Files
antigravity-claude-proxy/CLAUDE.md
Badri Narayanan S 5ae19a5b72 feat: add configurable account selection strategies
Refactor account selection into a strategy pattern with three options:
- Sticky: cache-optimized, stays on same account until rate-limited
- Round-robin: load-balanced, rotates every request
- Hybrid (default): smart distribution using health scores, token buckets, and LRU

The hybrid strategy uses multiple signals for optimal account selection:
health tracking for reliability, client-side token buckets for rate limiting,
and LRU freshness to prefer rested accounts.

Includes WebUI settings for strategy selection and unit tests.

Co-Authored-By: Claude <noreply@anthropic.com>
2026-01-18 03:48:43 +05:30

22 KiB
Raw Blame History

CLAUDE.md

This file provides guidance to Claude Code (claude.ai/code) when working with code in this repository.

Project Overview

Antigravity Claude Proxy is a Node.js proxy server that exposes an Anthropic-compatible API backed by Antigravity's Cloud Code service. It enables using Claude models (claude-sonnet-4-5-thinking, claude-opus-4-5-thinking) and Gemini models (gemini-3-flash, gemini-3-pro-low, gemini-3-pro-high) with Claude Code CLI.

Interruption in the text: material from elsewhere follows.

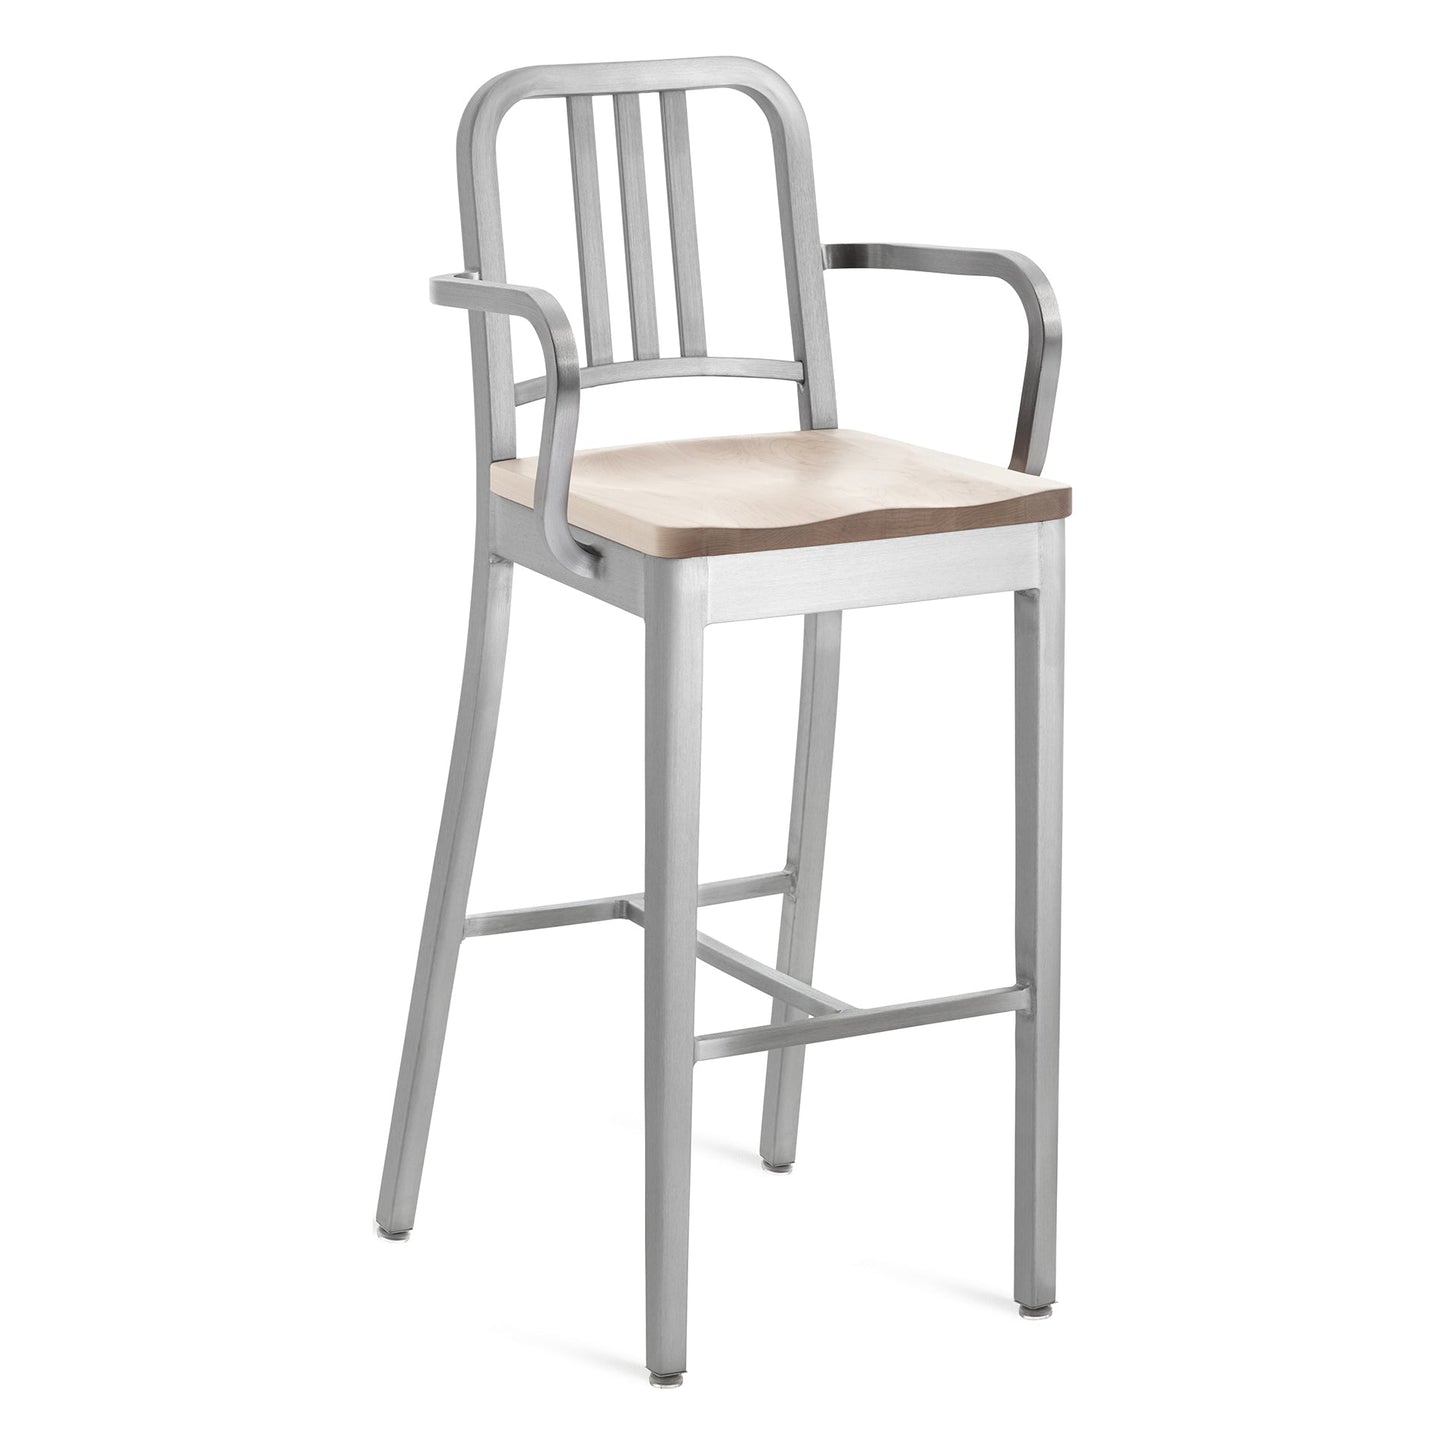 Navy Stool with Arms & Wood Seat

The proxy translates requests from Anthropic Messages API format → Google Generative AI format → Antigravity Cloud Code API, then converts responses back to Anthropic format with full thinking/streaming support.

Commands

# Install dependencies (automatically builds CSS via prepare hook)
npm install

# Start server (runs on port 8080)
npm start

# Start with specific account selection strategy
npm start -- --strategy=sticky      # Cache-optimized (stays on same account)
npm start -- --strategy=round-robin # Load-balanced (rotates every request)
npm start -- --strategy=hybrid      # Smart distribution (default)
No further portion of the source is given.